Magnetic tape is a medium for magnetic recording, made of a thin magnetizable coating on a long, narrow strip of plastic. It was developed in Germany, based on magnetic wire recording. Devices that record and play back audio and video using magnetic tape are tape recorders and video tape recorders. A device that stores computer data on magnetic tape is a tape drive (tape unit, streamer).
Magnetic tape revolutionized broadcast and recording. When all radio was live, it allowed programming to be prerecorded. At a time when gramophone records were recorded in one take, it allowed recordings in multiple parts, which mixed and edited with tolerable loss in quality. It is a key technology in early computer development, allowing unparalleled amounts of data to be mechanically created, stored for long periods, and to be rapidly accessed.
Today, other technologies can perform the functions of magnetic tape. In many cases these technologies are replacing tape. Despite this, innovation in the technology continues and tape is still widely used.
Over years, magnetic tape can suffer from deterioration called sticky-shed syndrome. Caused by absorption of moisture into the binder of the tape, it can render the tape unusable.
Magnetic tape was invented for recording sound by Fritz Pfleumer in 1928 in Germany, based on the invention of magnetic wire recording by Valdemar Poulsen in 1898. Pfleumer's invention used an iron(III) oxide(Fe2O3) powder coating on a long strip of paper. This invention was further developed by the German electronics company AEG, which manufactured the recording machines and BASF, which manufactured the tape. In 1933, working for AEG, Eduard Schuller developed the ring shaped tape head. Previous head designs were needle shaped and tended to shred the tape.

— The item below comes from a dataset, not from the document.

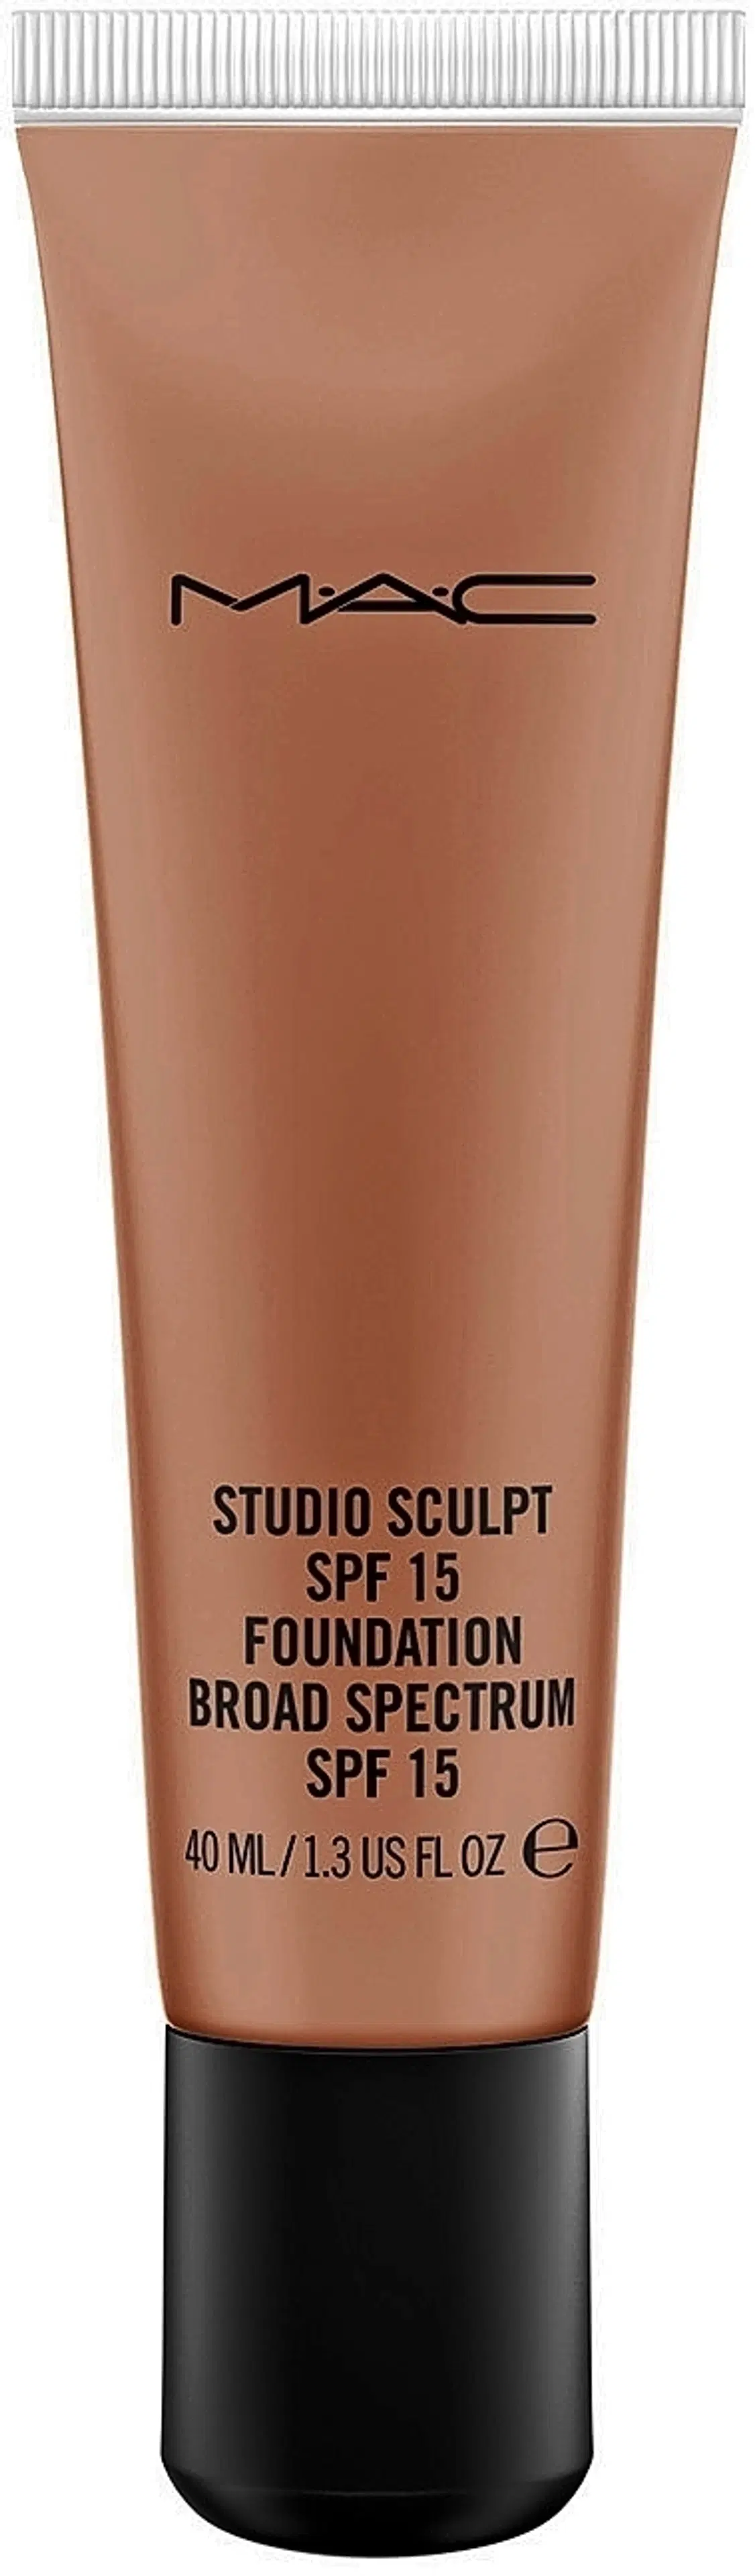 MAC Studio Sculpt SPF 15 Foundation meikkivoide 40 ml

An important discovery made in this period was the technique of AC biasing which improved the fidelity of the recorded audio signal by increasing the effective linearity of the recording medium.

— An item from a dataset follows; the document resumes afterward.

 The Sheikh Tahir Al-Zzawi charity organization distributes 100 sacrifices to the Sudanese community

Due to the escalating political tensions, and the outbreak of World War II, these developments were largely kept secret. Although the Allies knew from their monitoring of Nazi radio broadcasts that the Germans had some new form of recording technology, the nature was not discovered until the Allies acquired captured German recording equipment as they invaded Europe in the closing of the war. It was only after the war that Americans, particularly Jack Mullin, John Herbert Orr, and Richard H. Ranger were able to bring this technology out of Germany and develop it into commercially viable formats.
A wide variety of recorders and formats have developed since, most significantly reel-to-reel and Compact Cassette.